Last Updated on: 7th August 2017, 01:13 pm
I heard about this William Melchert-Dinkel creep on Fifth Estate. I appear to have already set the tone for this story. His deal is he is fascinated with suicide and hangings. So, he logs on to chat rooms and finds depressed folk who look like they’re on the edge. He then pretends to be a female emergency room nurse who has seen one too many botched suicides and tells suicidal folk that hanging is the best way to end it. Then he convinces the real suicidal person that he also wants to kill himself, and they should do it together via webcam! Nobody followed him up on the webcam part, but at least two people did follow through on their plan.
Now, the disgusting little creep is on trial, and his attorney is trying to say that although his actions are disgusting, they’re not a crime because they’re under free speech. How does that even work in a place that has a law against aiding in or advising suicide? Telling people “hanging is the best way, this is how you position the rope” is advising suicide, yes? Do you have to be sitting beside the person? How come because it was across the net, it’s so much harder to understand?

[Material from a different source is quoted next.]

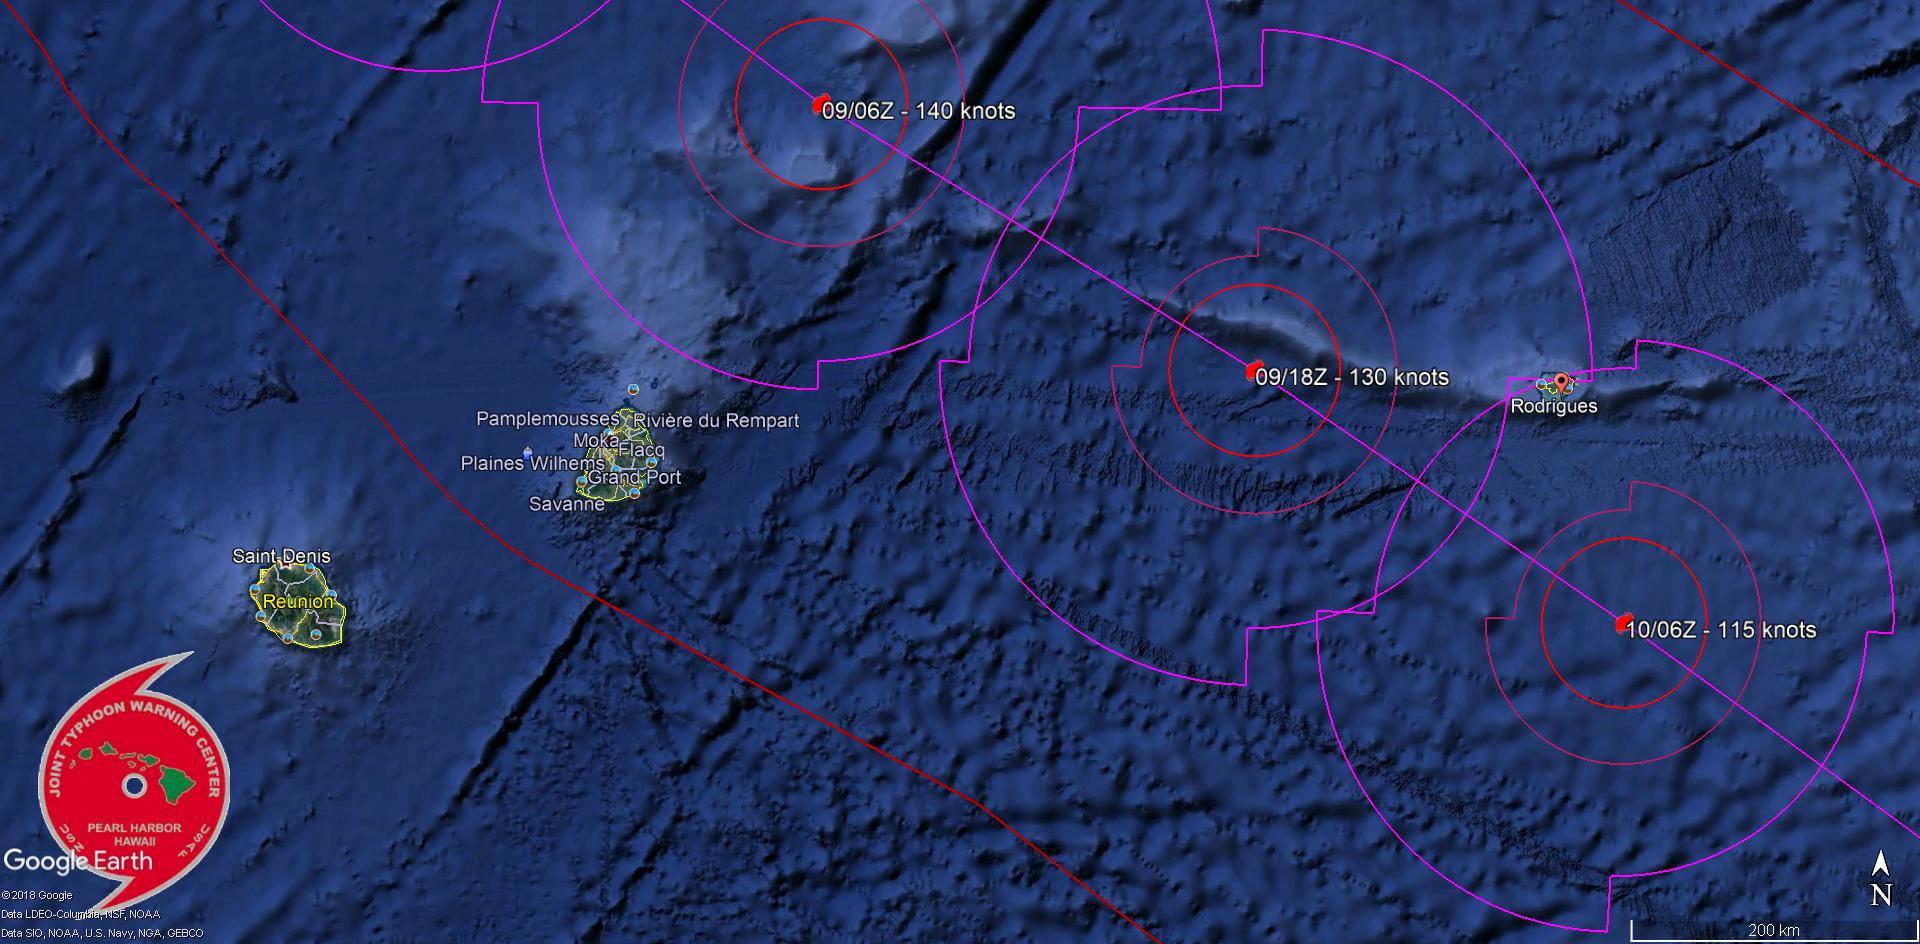 Prévisions de trajectoire et d'intensité du JTWC. Le cyclone intense voire très intense GELENA pourrait passer à environ 230km de Maurice et une centaine de kms de Rodrigues. La prévision sera ajustée en temps réel toutes les 6 heures.

I have three problems with the defence’s attempt to save this pathetic human being from meeting up with Bubba. First, the attorney says that he did not imminently incite these people to kill themselves. Next, he says that the people he spoke to about this were already thinking about it, so you can’t blame him for doing what they were already thinking about doing. The final crock is to say that they were the ones who ultimately did the deed. How did his attorney put it? “There needs to be some respect for the autonomy of these two individuals.”
First off, um, one of the people who killed themselves did it two hours after her last communication with this guy, a communication that I’m sure was full of instructions on how to end it all. It’s not like she waited a month after talking to him. I know it didn’t happen five minutes after, but the person had to get to the bridge and jump, so I don’t know how long that would have taken. It seems pretty immediate to me.
Next, Of course he spoke to people who were already thinking about killing themselves. If I met up with someone who said “Hey, I was an ER nurse and I’ve seen lots of suicides go wrong. If you’re going to do yourself in, you should hang yourself. I’ll tell you what kind of rope you should get. Why don’t you do it next week and we can do it together over the net?” I would think they were on crack and promptly walk away. Why? Because I have no desire to take my own life.
Every fraudster under the sun targets his/her victims because s/he has a feeling that this one will make a good mark. They’re either vulnerable, stupid, or both. It doesn’t make their frauds any less criminal.
And finally, in every other case of fraud, the person willingly hands over their money or whatever the con artist is after. The con artist doesn’t have a gun to their head. If he did, it wouldn’t be a con job, it would be a robbery. So do we have to have some respect for the autonomy of the defrauded? Is fraud suddenly not a crime because people gave whatever they gave the fraudster of their own free will? Sure it was under false pretenses, but they still did it with no duress.
I would never say that a person who commits suicide had no part in the decision to end their life. Of course, at the end of it all, the only one who can save you is you. But there is no reason why what this guy did shouldn’t be a crime. He lied to these people, conning them into thinking he was going to do it too, and helping them plan it. When there is a law against aiding in or advising someone in committing suicide, this seems like a no-brainer.
The judge has 20 days to think this over. I hope he agrees with me.